I also wonder if this is an entire red herring. There are increasing reasons for more compute in space, such as to pre-filter sensor data.

Is it to naive/optimistic to think no one is actually looking for a space datacenter to compute terrestrial loads, but they recognize the need for processing space loads?

[–] architect@thelemmy.club 1 points 18 minutes ago

See now you all are thinking.

The rich wouldn’t tell us this shit if it wasn’t going to be used as some spin/distraction whatever it is.

[–] kossa@feddit.org 2 points 2 hours ago

It's a legal thing. No (real) jurisdiction. In space nobody will shut down Grok generating kiddo porn. It's basically the precursor for Epstein Island 2.0.

[–] Prior_Industry@lemmy.world 13 points 11 hours ago (1 children)

Mr Musk has to justify that 1.75t valuation somehow

[–] jj4211@lemmy.world 1 points 3 hours ago

I love how his rationale is that manufacturers of natural gas generator parts are backordered o 2030, so instead of... I don't know, spinning up more natural gas hardware or terrestial power generation, the easiest solution is to go from 11 attempts/0 successful launches of a space platform to tens of thousands of launches a year carrying unprecedented mass of bullshit into orbit...

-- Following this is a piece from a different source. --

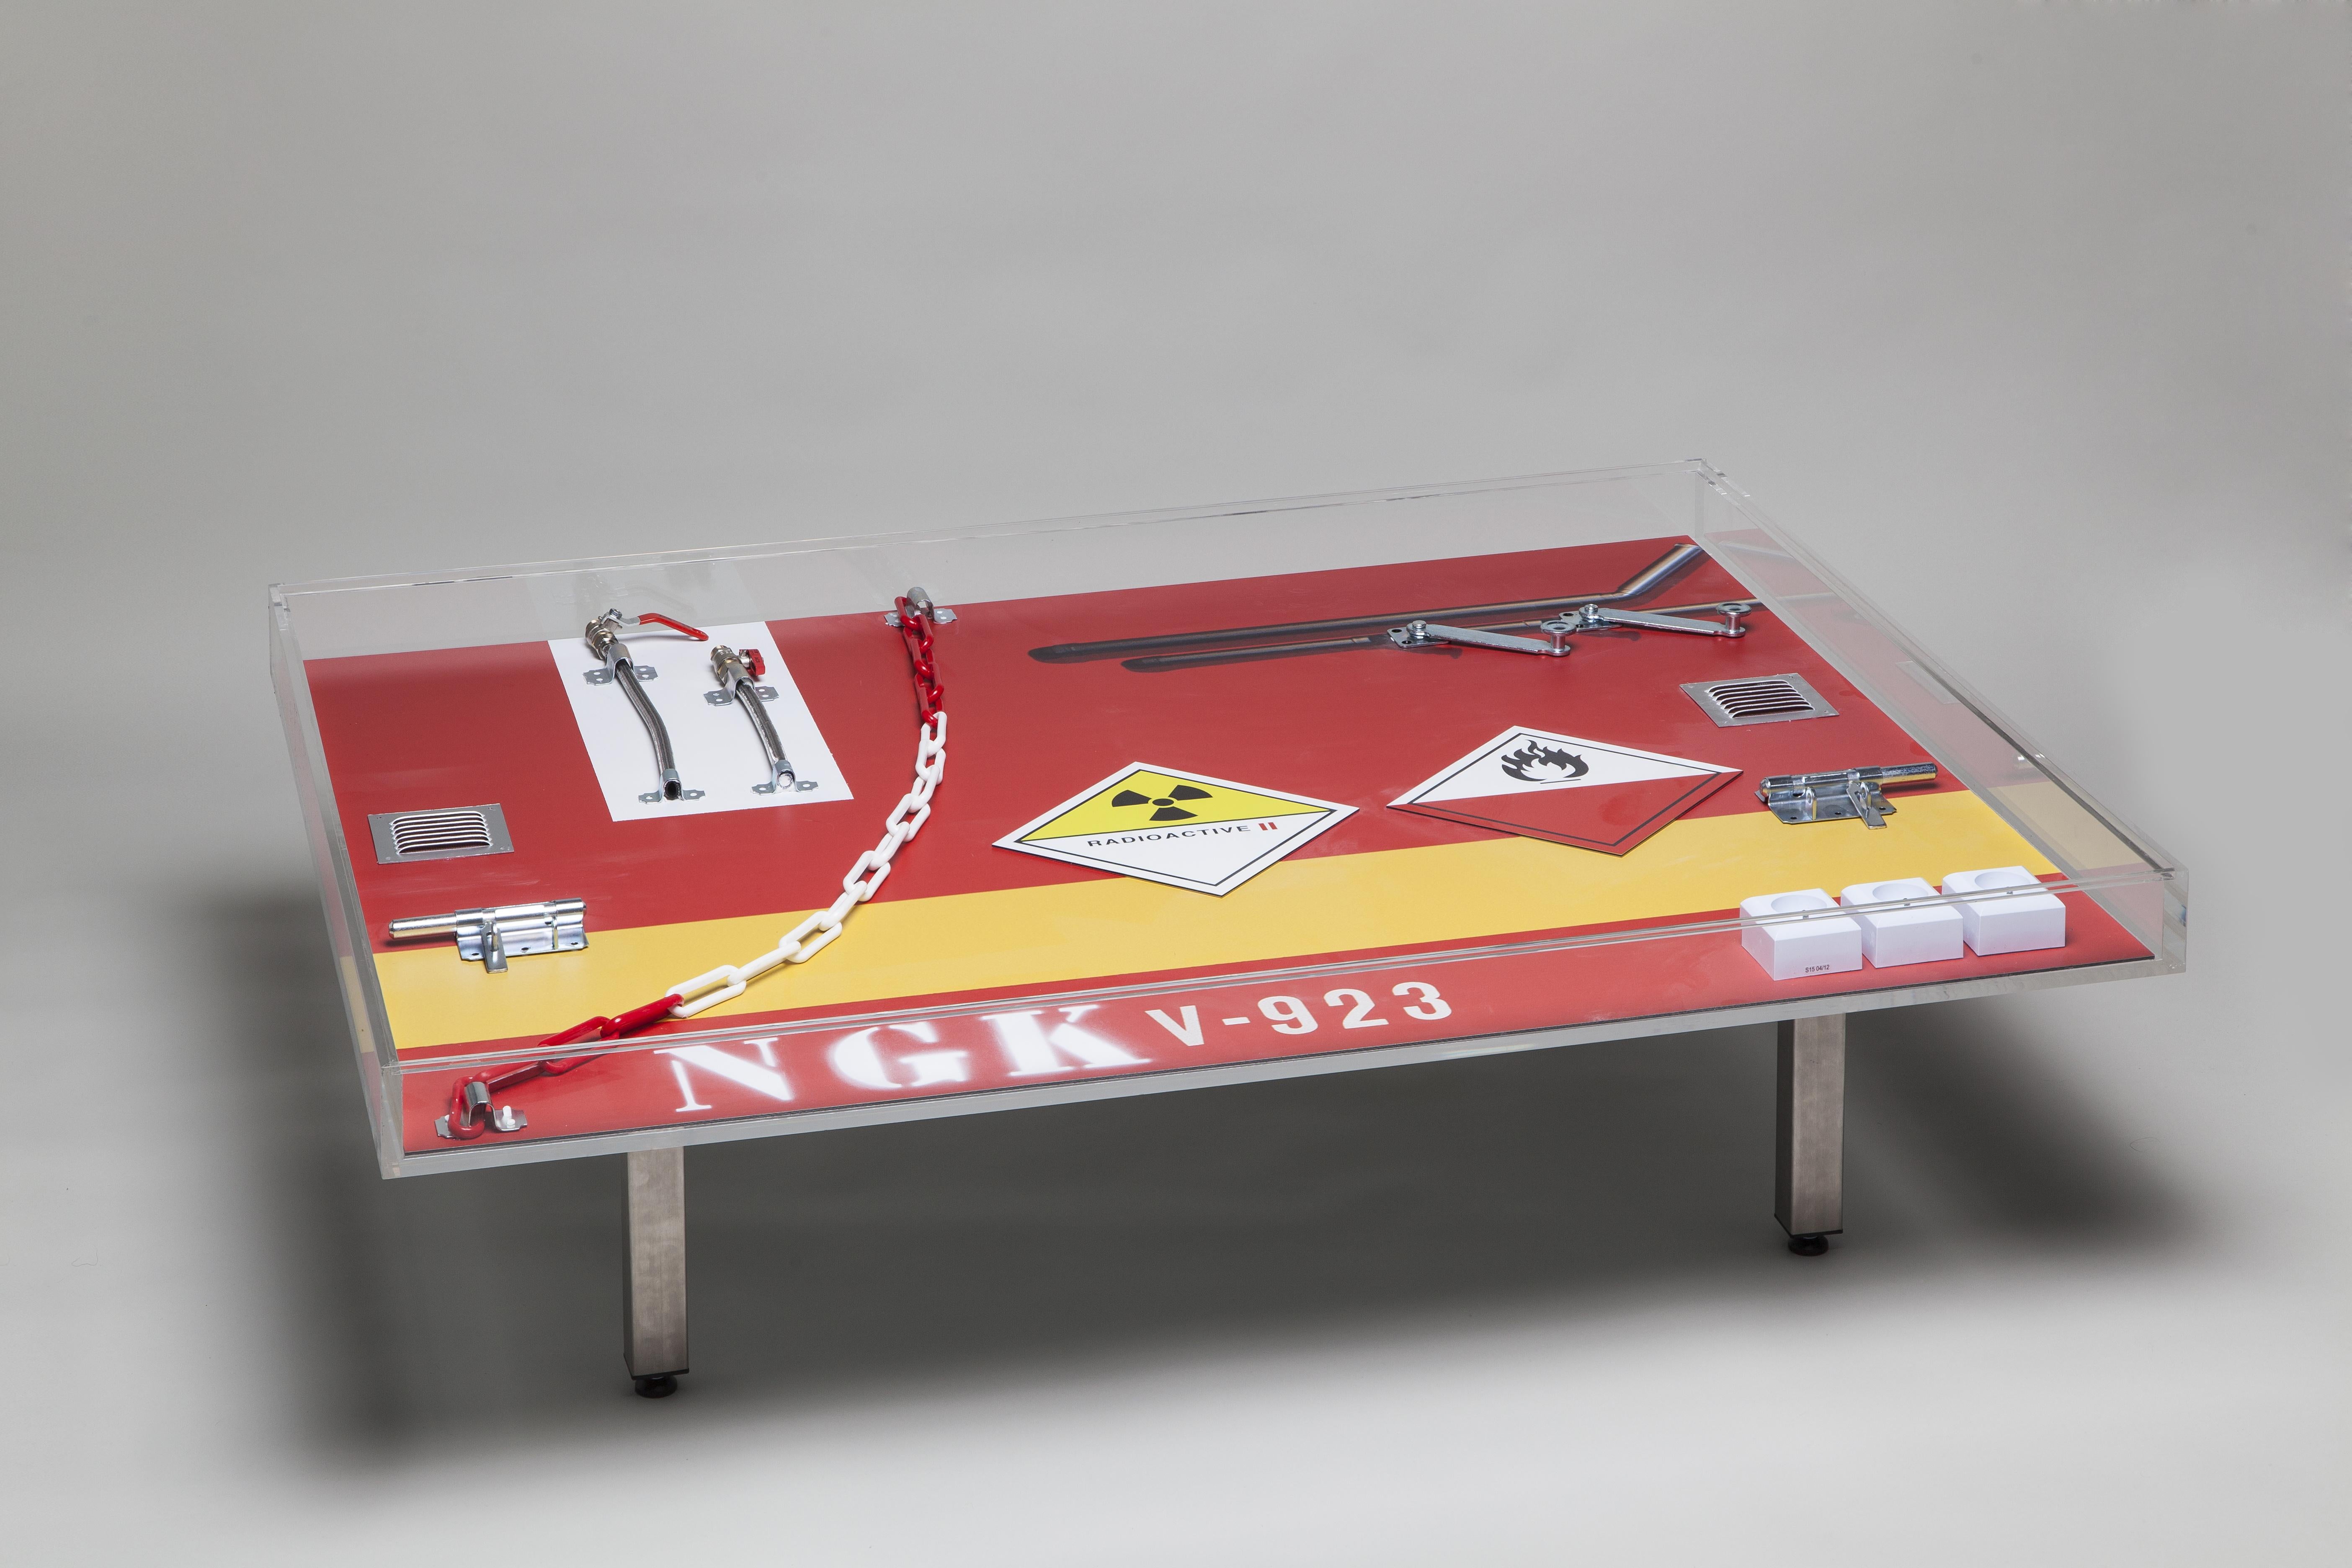 Peter Klasen NGK Table Coffee Table Artist's Design Table in Plexiglas Red Print

[–] brownsugga@lemmy.world 30 points 15 hours ago (1 children)

Don’t data-centers require massive cooling?

[–] ramenshaman@lemmy.world 15 points 12 hours ago* (last edited 12 hours ago) (8 children)

Yes, and it's easier to cool things on earth. In space, there's no air to help you cool thinks off, you can only reject heat through radiation. Most spacecraft are carefully designed to reflect heat/light on surfaces facing the sun and radiate heat into empty space from surfaces that are shaded.